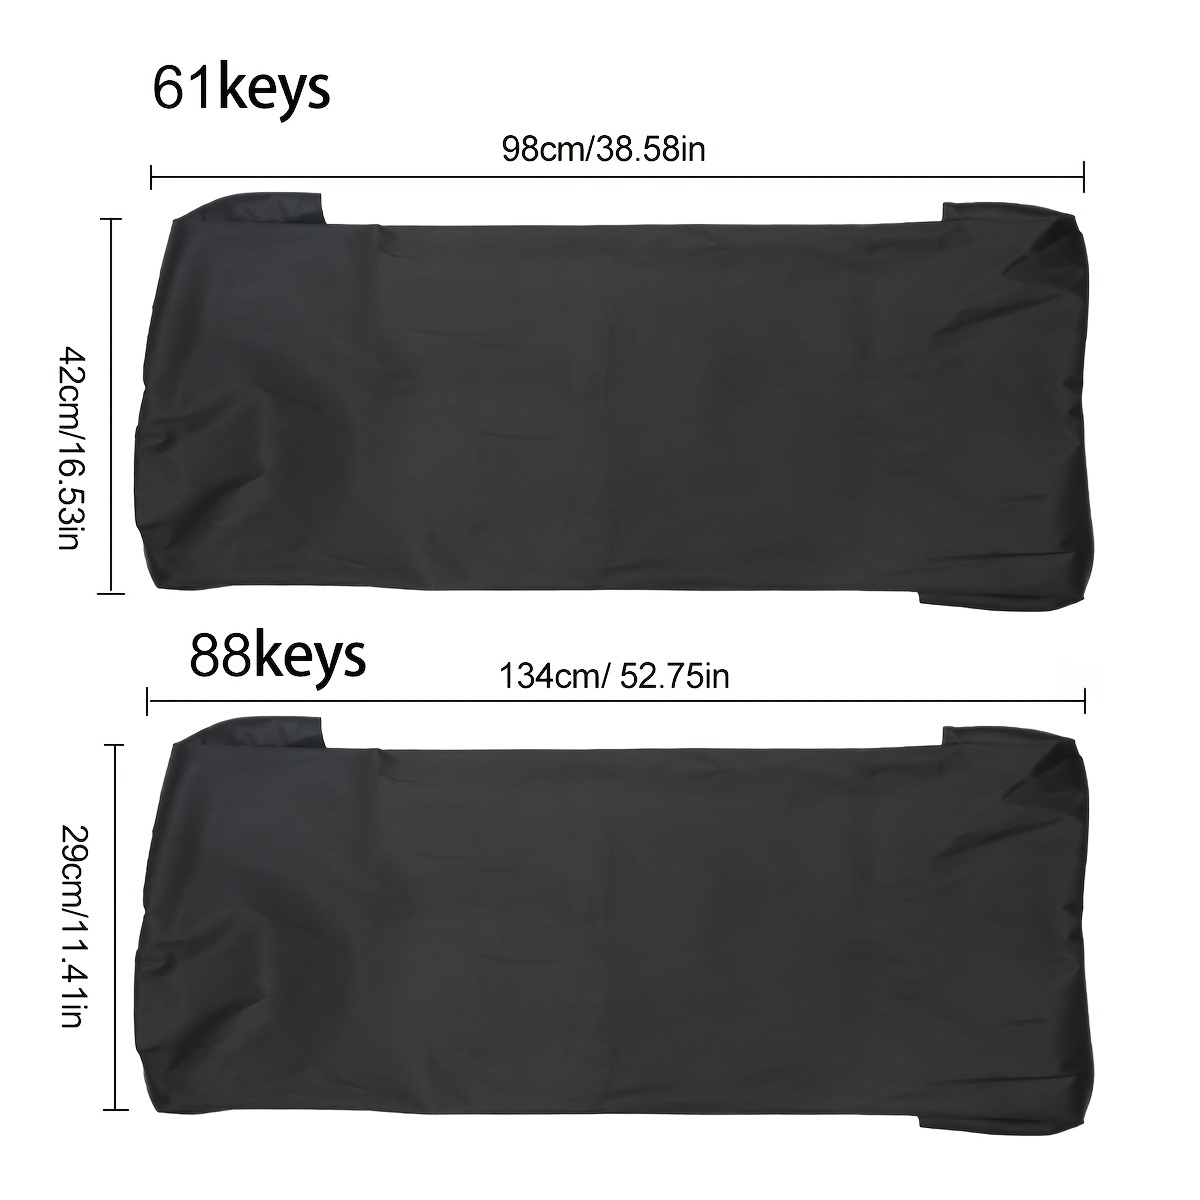 61/88 Keys Piano Keyboard Covers Wear-resistant Waterproof Dust
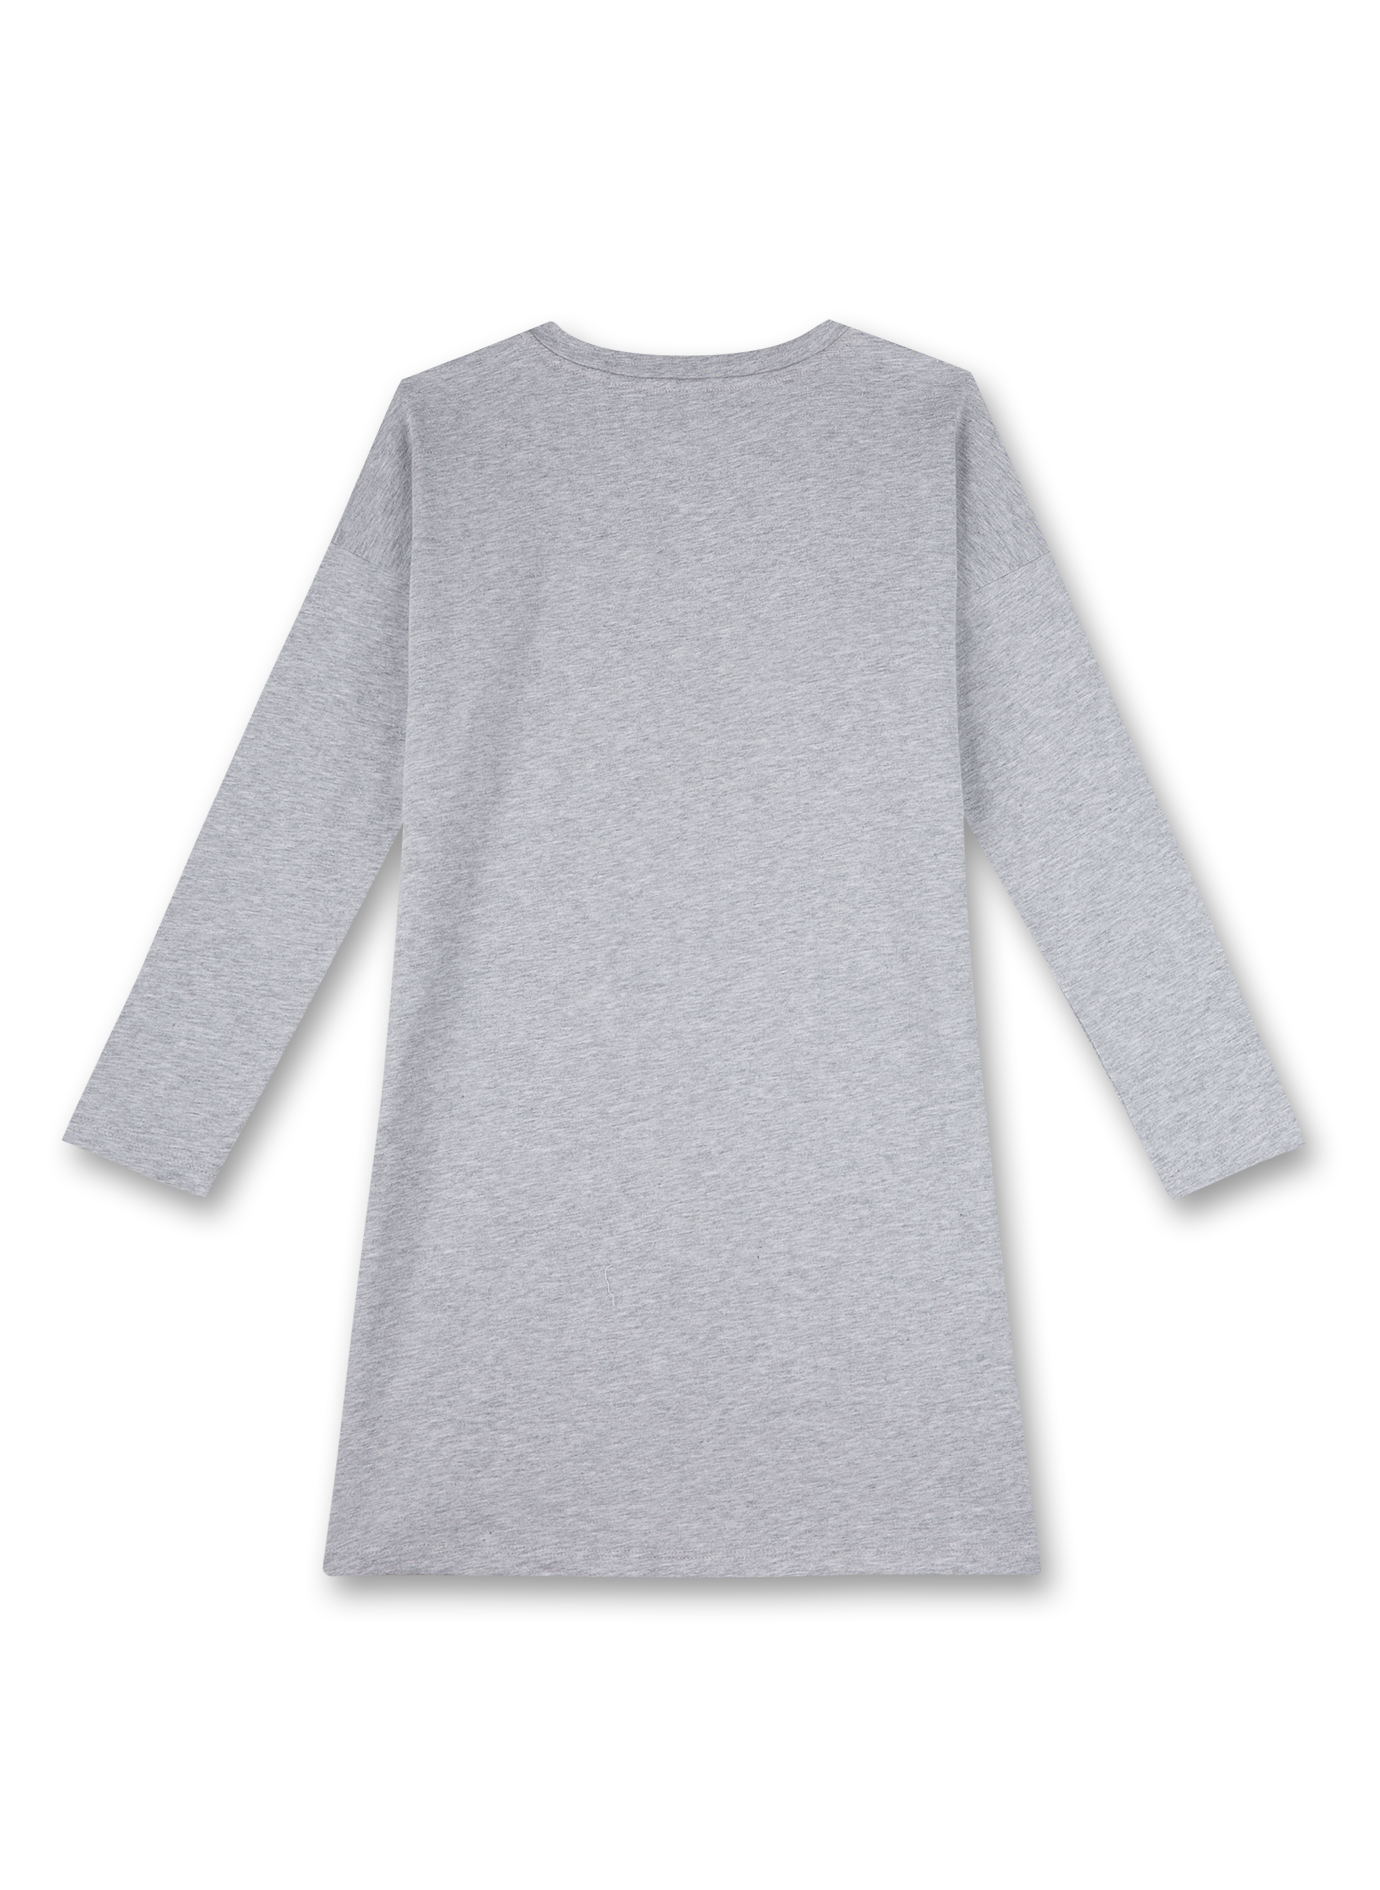 Mädchen-Nachthemd Graumelange
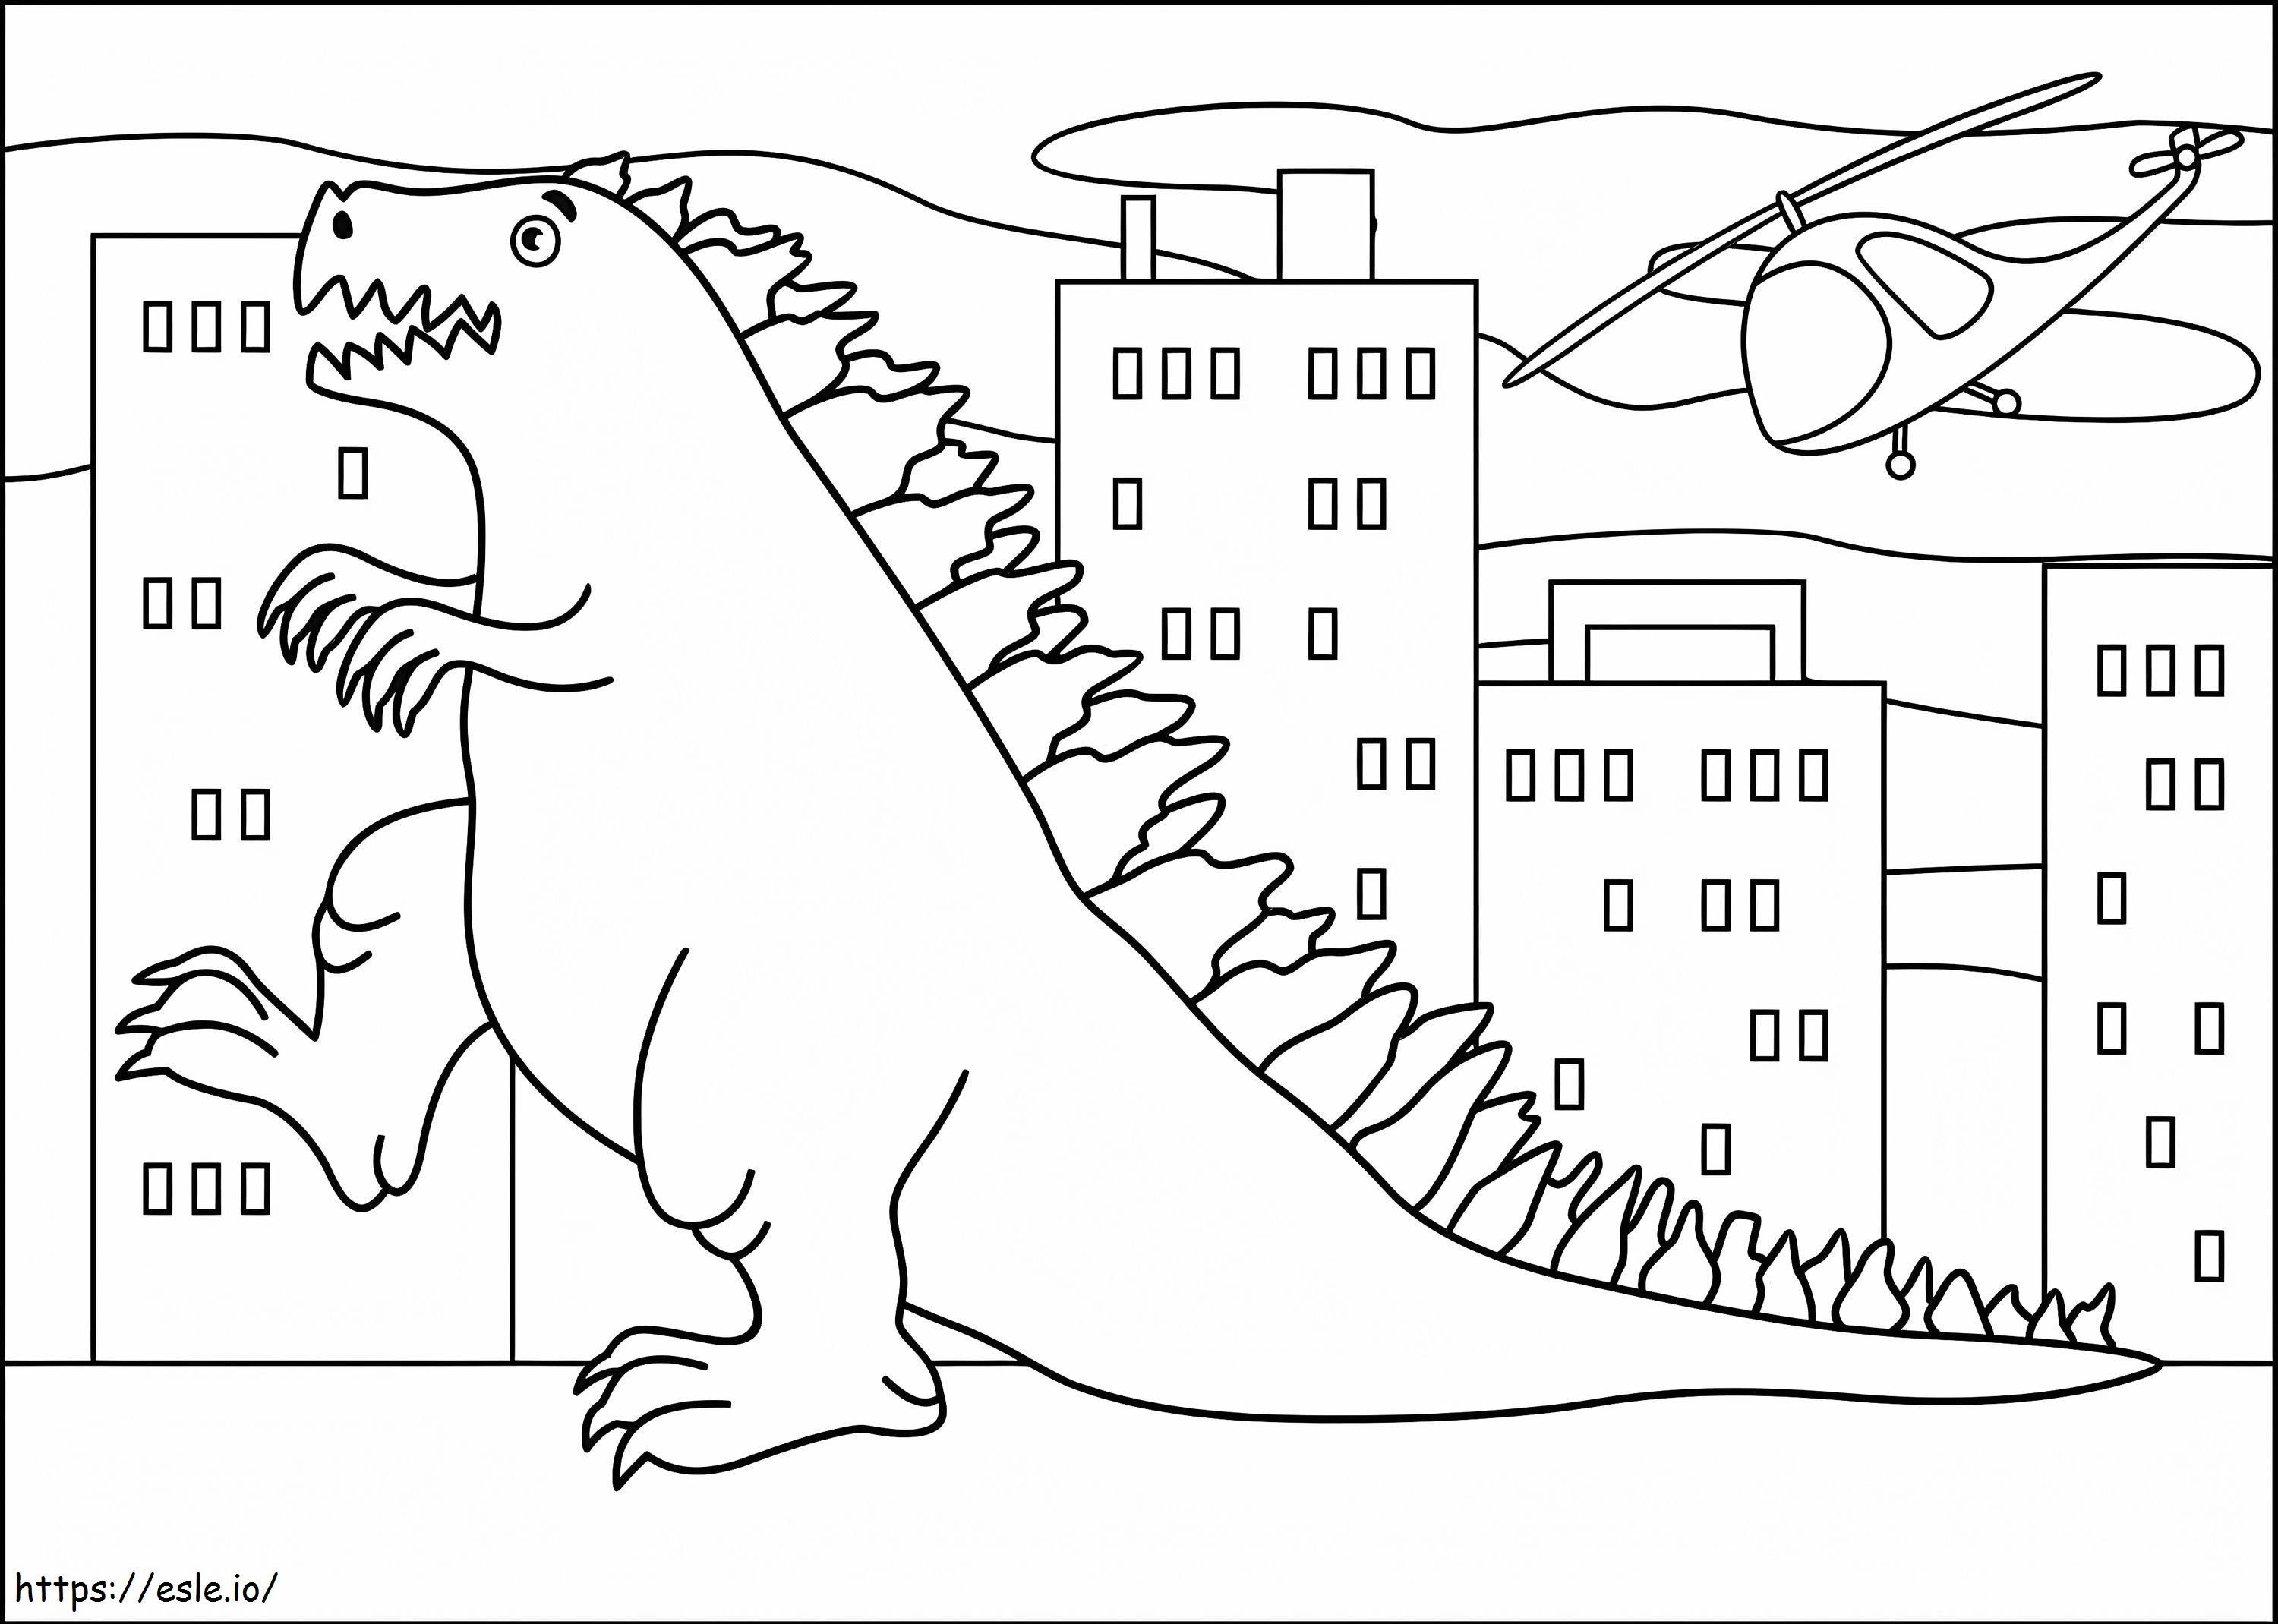 Godzilla-Zeichnung ausmalbilder

⁂

- [What to work on]: From the line containing "Mädchen-Nachthemd Graumelange" to the last line of the listing above, transcribe each line exactly, skipping the pictures.

- [Result]:
 Mädchen-Nachthemd Graumelange
 Godzilla-Zeichnung ausmalbilder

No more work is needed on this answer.